Institutional-wise, China’s development is underpinned by solid economic fundamentals, long-term policy vision, effective coordination across levels of government, and a strong ability to turn strategies into action through pilot programs and dynamic adjustments. These institutional strengths have supported China in accomplishing major tasks such as eradicating absolute poverty, and they will remain vital assets for navigating the next stage of development.
Global Times: From an international perspective, what valuable lessons can China’s 15th Five-Year Plan offer other economies, especially in sustainable development, technological innovation, and long-term strategic planning?
Melissa: China is actively sharing its practical development experience with other developing countries. For instance, in December 2024, China and the World Bank Group jointly launched the Global Center for Ecosystems and Transitions.

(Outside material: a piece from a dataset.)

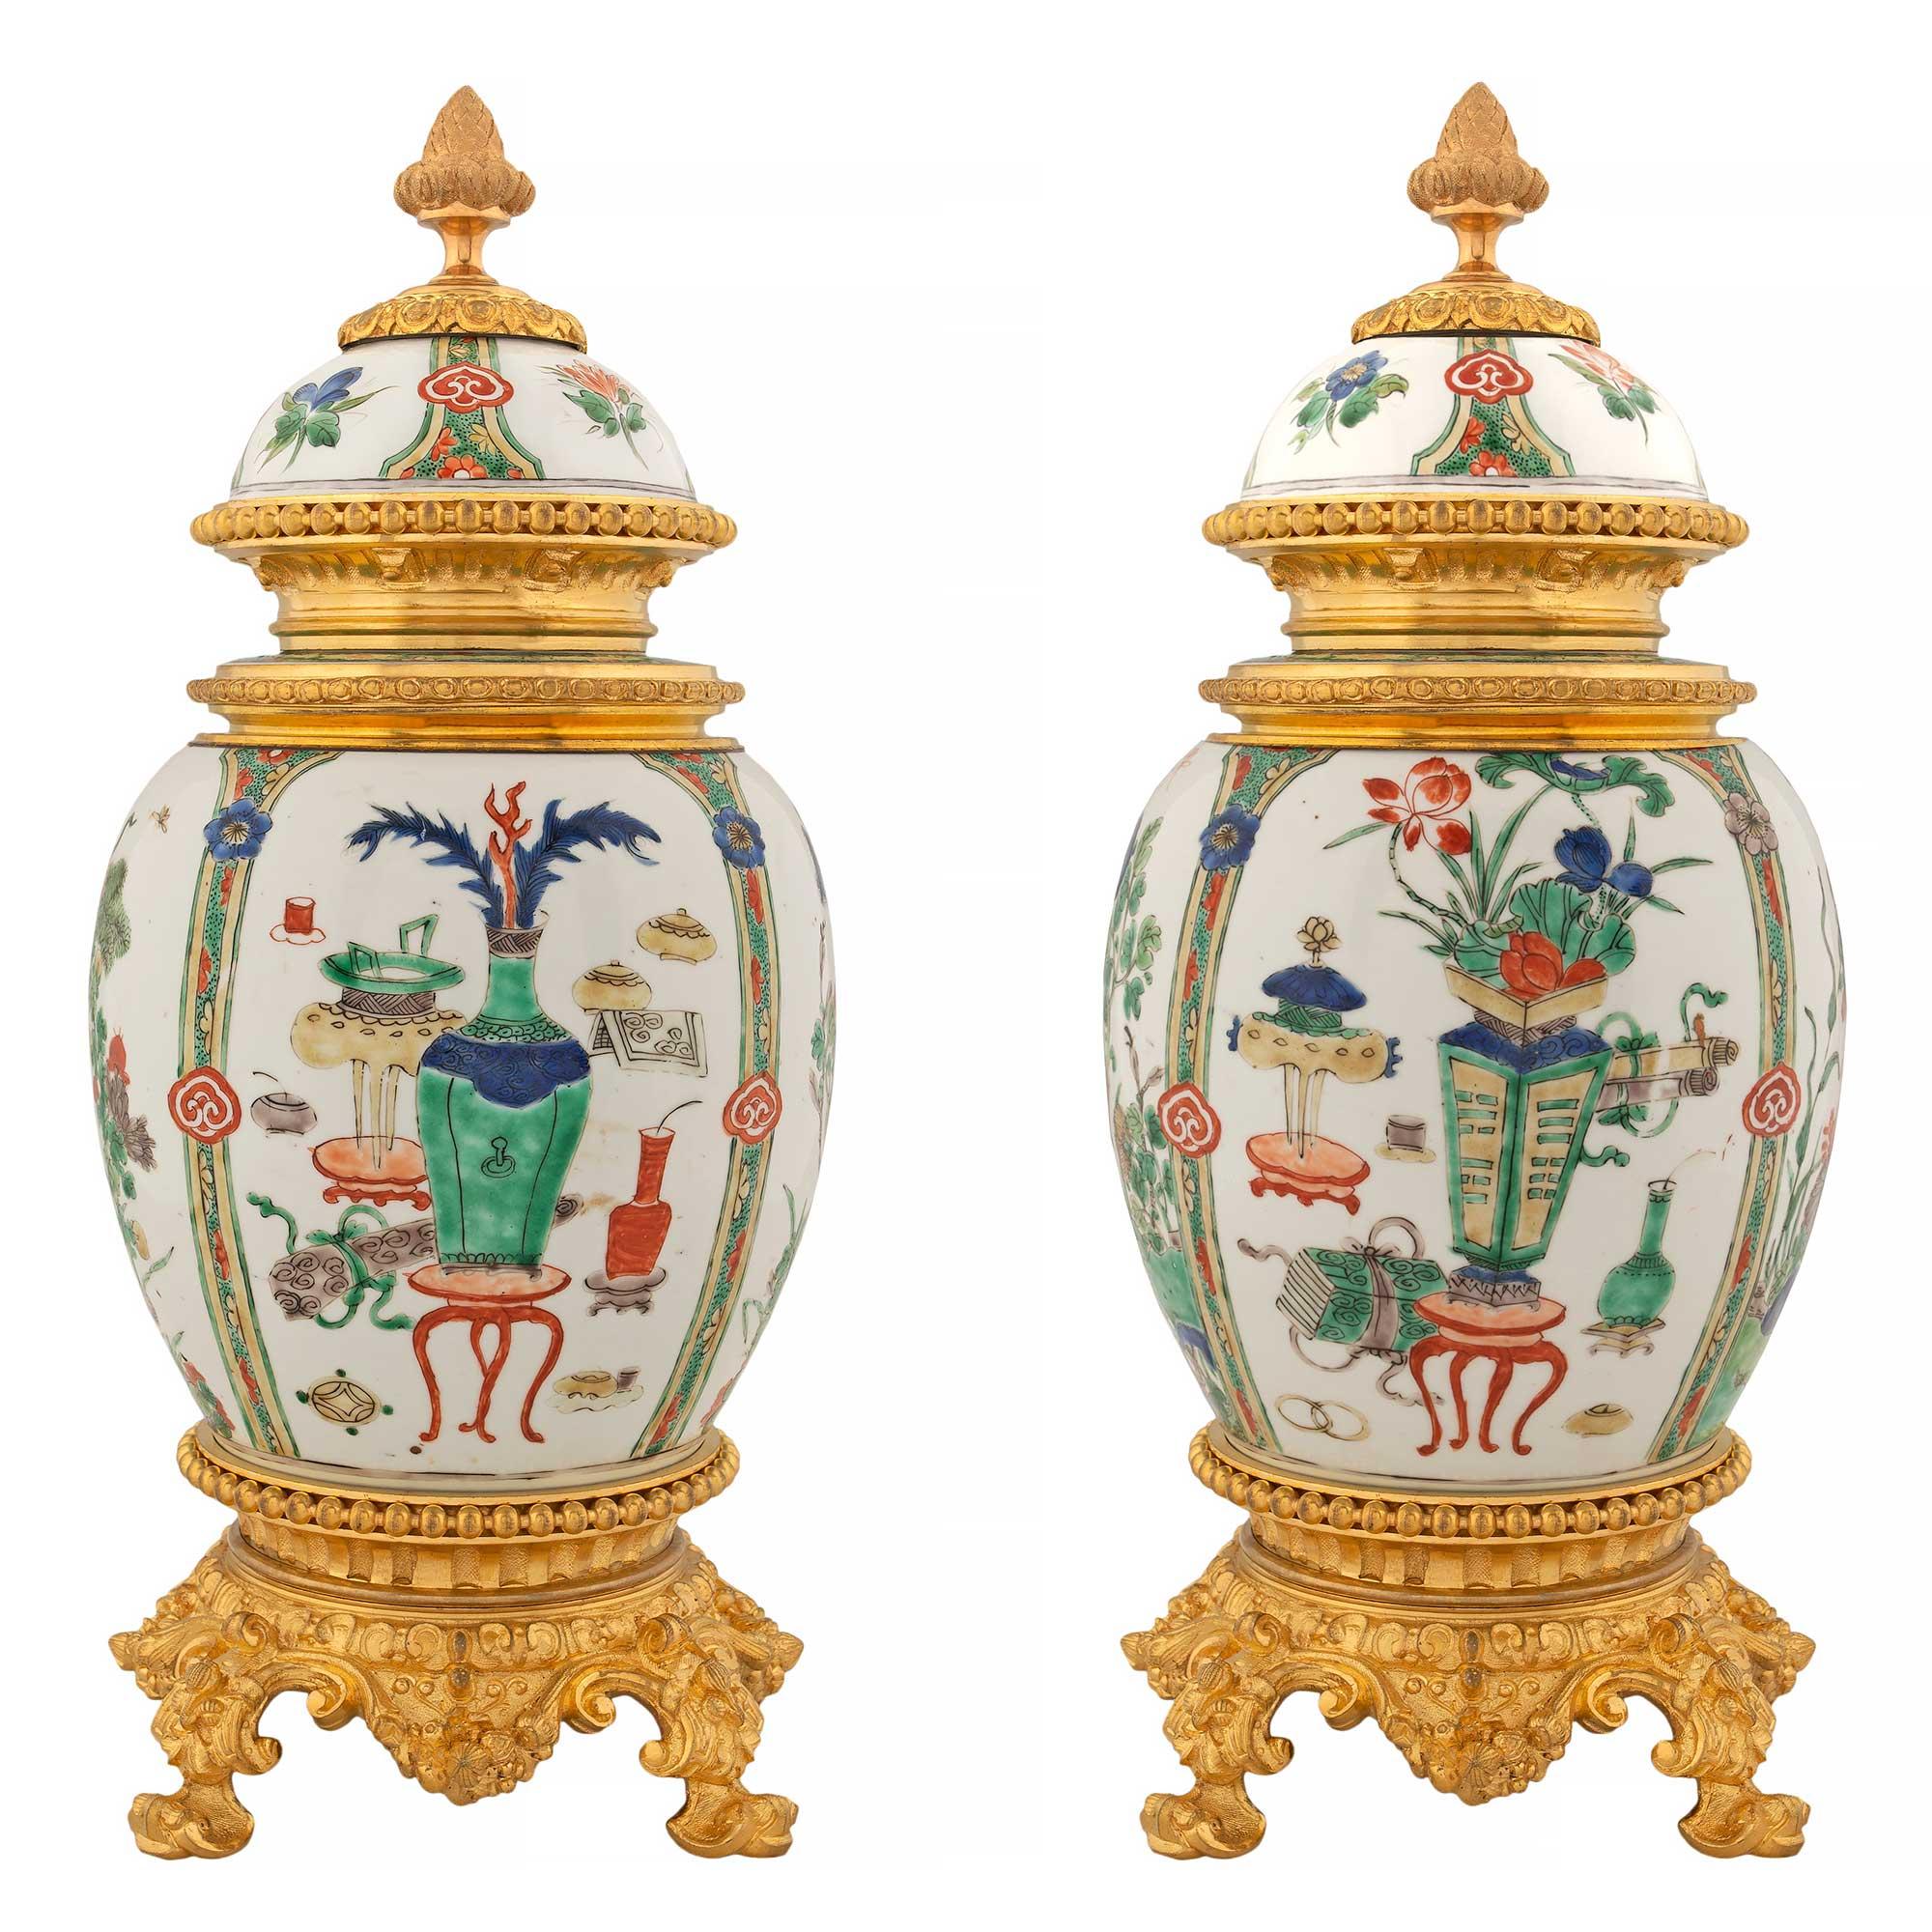 Montures en bronze doré de style Louis XVI du XIXe siècle sur urnes en porcelaine d'exportation chinoise

The center aims to bring China’s experience in ecosystem conservation and restoration to a broader international platform, focusing on actionable key questions: which measures work, what they cost, and how to better balance development needs while achieving environmental benefits.
Beyond this center, South-South knowledge exchanges facilitated by the World Bank Group have consistently drawn on China’s reform practices, adapting them to local conditions in other countries. For example, we have organized a series of study visits and exchange programs, inviting officials from other developing countries to rural China to learn firsthand about China’s successful approaches to rural revitalization, water resource management, and poverty reduction.